Congratulations, dad! You’ve got a baby on the way! But, your partner isn’t the only one who’s expecting—there are two of you having this baby, and you’re in it together. And you’re probably feeling, well, all the feels: thrilled, proud, and possibly a little freaked out, too. It’s okay, dad. Becoming a parent is one of life’s greatest acts of hope and love, and you and your partner are on this ride together. No doubt, she is feeling the same mix of emotions, so be sure to share your joy with her. After all, you made this magic happen together. So, what can you expect when your partner is pregnant? Read on and get ready for the nine months ahead.
You’ll Need to Ride the Hormonal Wave
Not yours, of course, but there are some direct effects that you’ll be feeling, as well. Pregnancy brings on a tidal wave of new hormones, some of which can do unexpected things to a woman’s body and mind. The sickness. The moodiness. The hunger cravings. The odor sensitivities. The anxiety. The spontaneous bawling while watching America’s Funniest Home Videos.
Your partner may experience all of them, she may experience some of them, and there’s even a chance she could experience none of them. Whatever the case may be, these hormonal shifts can sometimes be tricky to navigate. The best approach is to make sure she knows that she has your support and that you are always there to lend an ear.
Communication and Expecting
Listen without being judgmental or telling her to relax. Get into the habit of talking things out and really listening to each other. These skills will serve you well when the baby arrives, and the killer combination of sleep deprivation and zero time to yourselves can exacerbate misunderstandings.
It’s not all doom and gloom, dad. There can be an upside to this time, as well. Some pregnancy hormones can increase your partner’s libido. I suggest you make the most of it while you can. Once the baby is born, your bedroom activities will likely be limited to burpings and diaper changes.

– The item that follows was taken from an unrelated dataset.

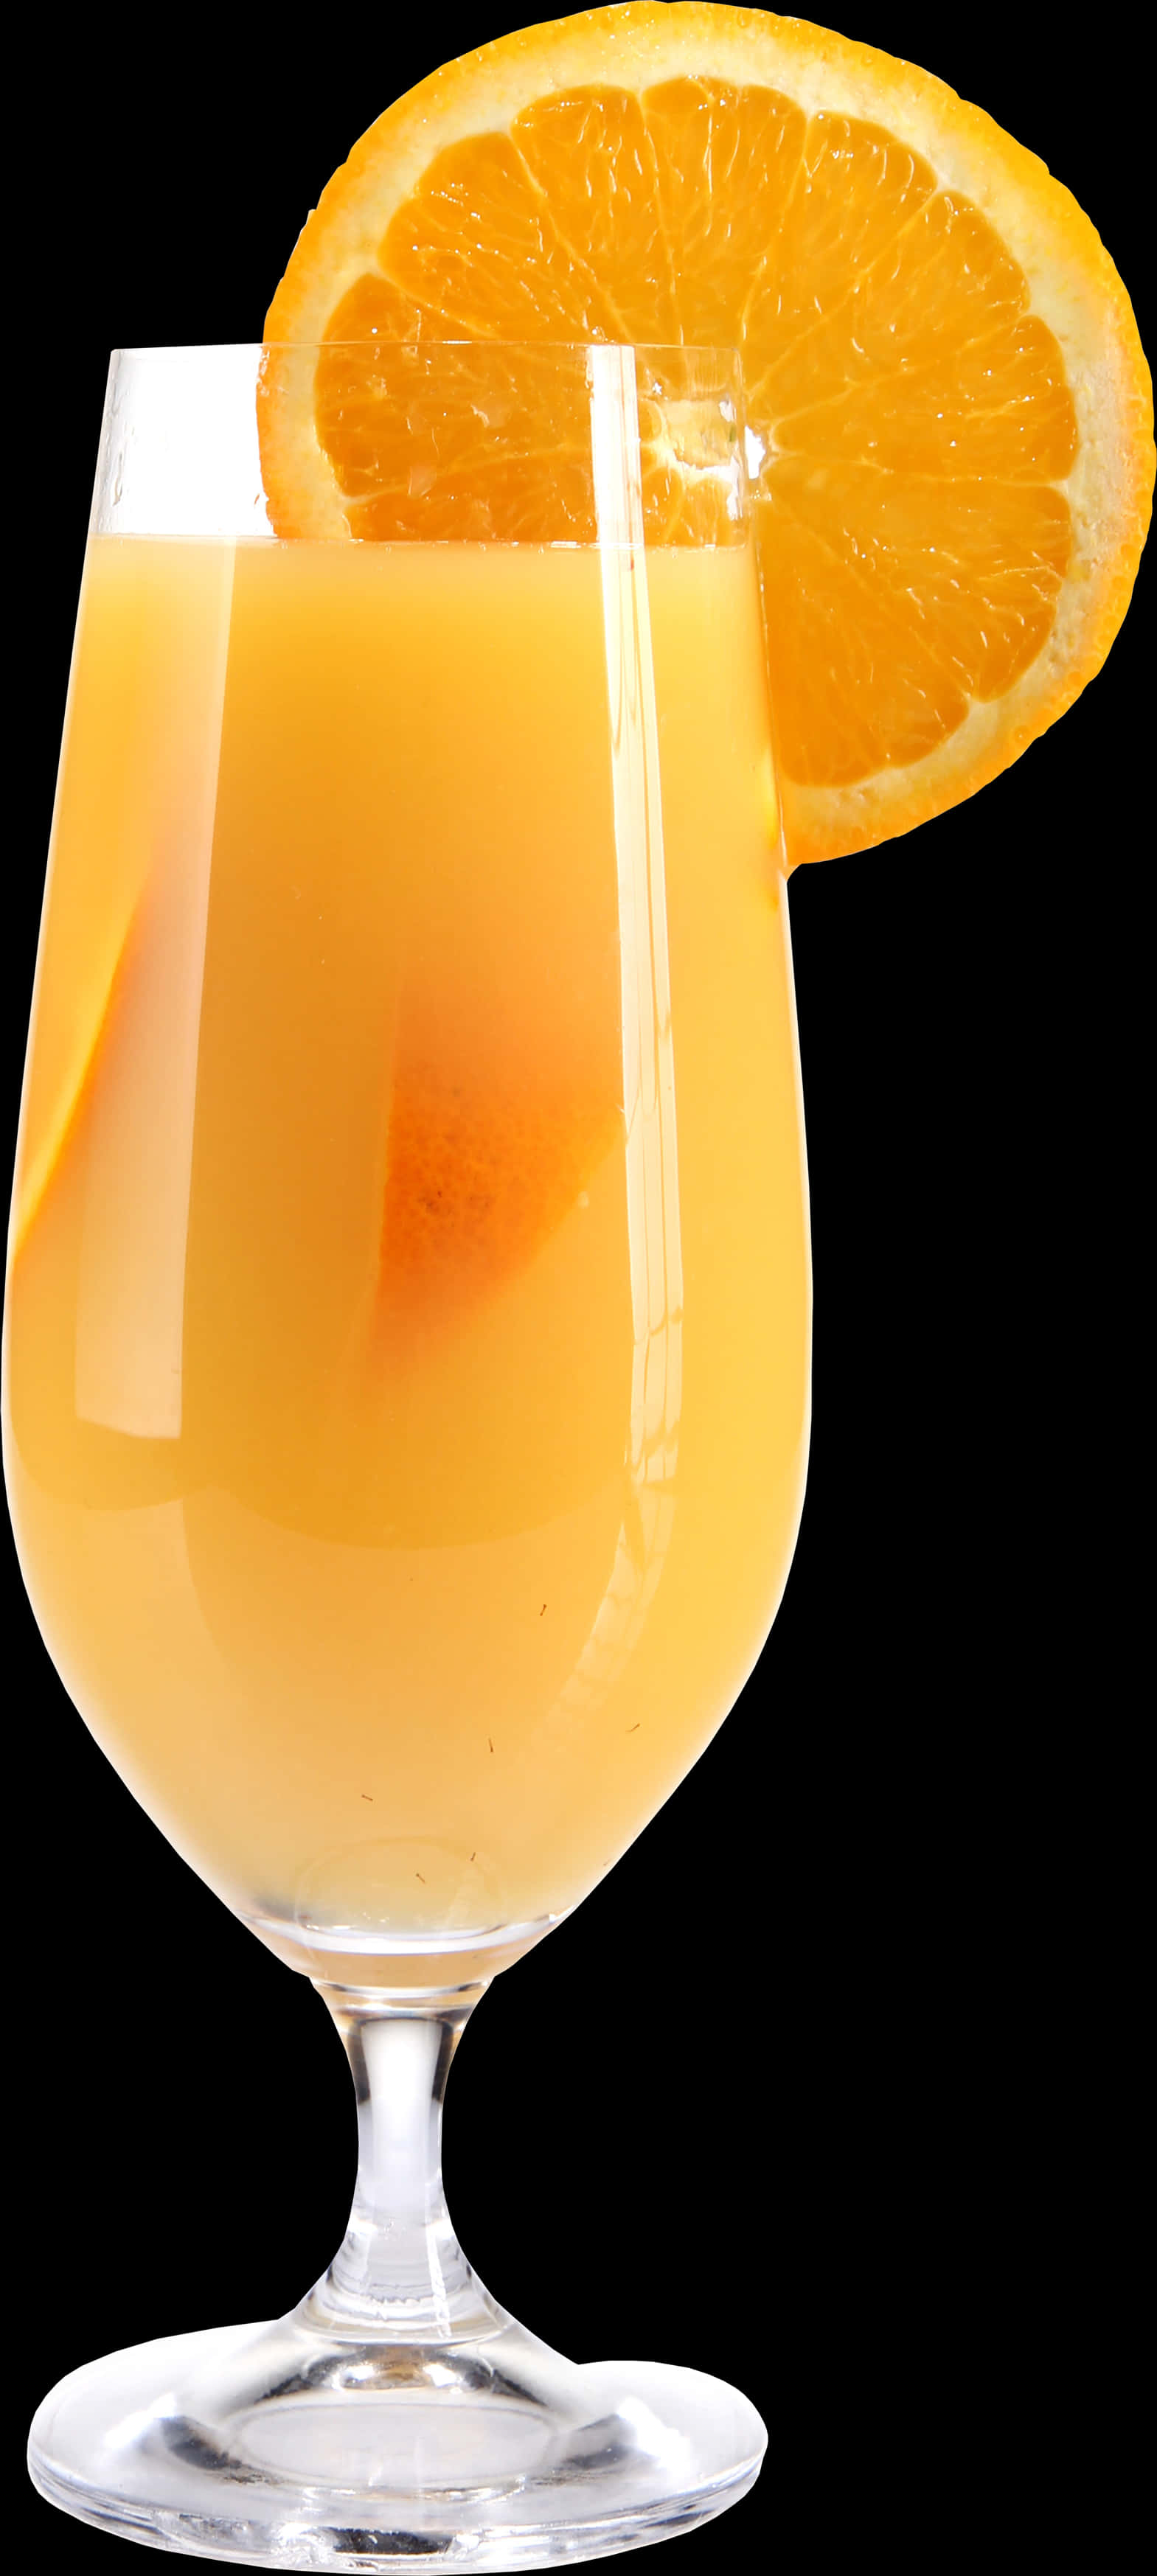 A Glass With Orange Juice And A Slice Of Orange
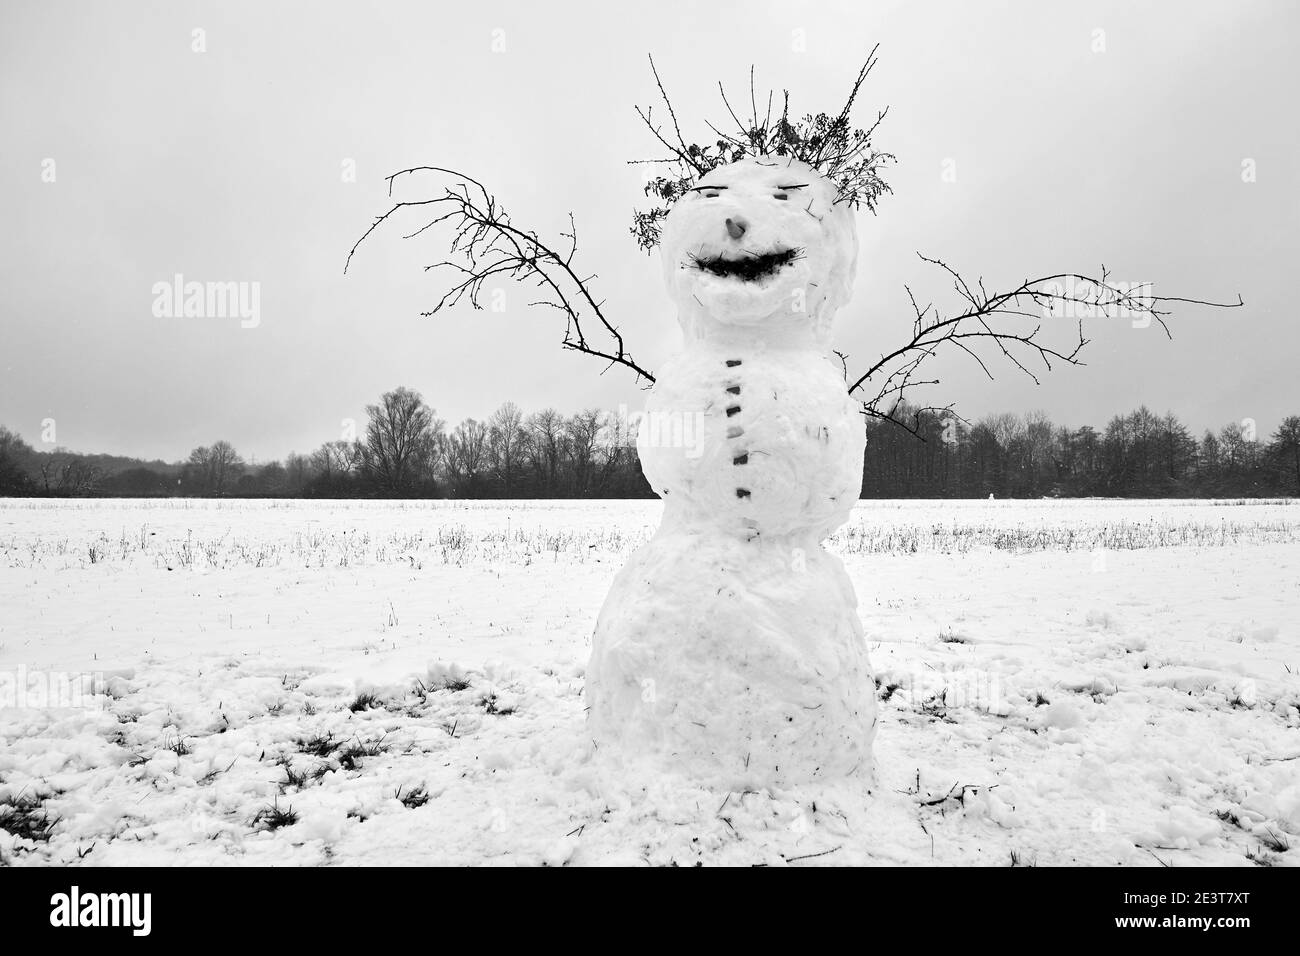 Funny snowman on snowy field with open arms and hat made of twigs Stock Photo

You’ll Be Getting Used to Sleep Deprivation
Your partner is getting bigger by the day, and as time goes on, it’s going to become more and more difficult for her to find a comfortable sleeping position. Be prepared for nights filled with lots of tossing and turning. If she was a die-hard stomach sleeper, she will have an even more difficult time than most.
Remember those hormones we were talking about before? Well, one of them (hCG) is going to have her running to the bathroom throughout the night. As the pregnancy progresses and baby grows, there will also be increasing pressure from the uterus pressing down on mama’s bladder. So, couple the constant in and out of bed for trips to the bathroom with all the foot-stomping and door slamming that goes with it, and you can see how your sleep might also be disrupted.
Don’t fret about the loss of sleep, dad. Instead, try to view it as a form of pre-conditioning for future nights with your precious little one in the house. Because, if my experience with babies is any indication, it’s going to get worse before it gets better.
You’ll Need to Offer Her Lots of Support
Support comes in many forms, and when you are expecting a baby, your partner will need as much emotional and physical support as she can get. Although it is equally important for dads and moms to be emotionally ready when having a baby, pregnancy can be both a mental and physical challenge for your partner.
Her body is creating a human life, and that’s a huge deal. Help her out by making life easier for her whenever you possibly can. Do double-duty on chores around the house or give her foot rubs when her tired feet are aching. Simply put, one of your jobs as the dad is to ease her daily burdens. Engage with her during every stage of the pregnancy. Accompany her to doctor’s visits; help shop for baby items; paint the nursery; set up the crib; talk about names, etc. The more engaged you are in the process, the more a part of things you will feel, and the less anxiety your partner will feel.
The Science Behind Support
Dads who play an active supporting role during pregnancy can lower moms’ stress levels. And less stress means a healthier environment for the baby growing in her belly. What’s more, research shows that dads who are involved during pregnancy are more likely to remain involved in their child’s well-being as they grow up. Kids with dads who are very involved in their upbringing tend to do better emotionally, socially, and academically than kids with less involved fathers.
Research also shows that kids with involved dads have many other advantages, such as increased mental dexterity, increased empathy, less stereotyped sex-role beliefs, and greater self-control.
So, what exactly is the reward for all of this hard work? Quite simply, the reward is a love like you’ve never felt before that will last a lifetime. Enjoy every moment, dad.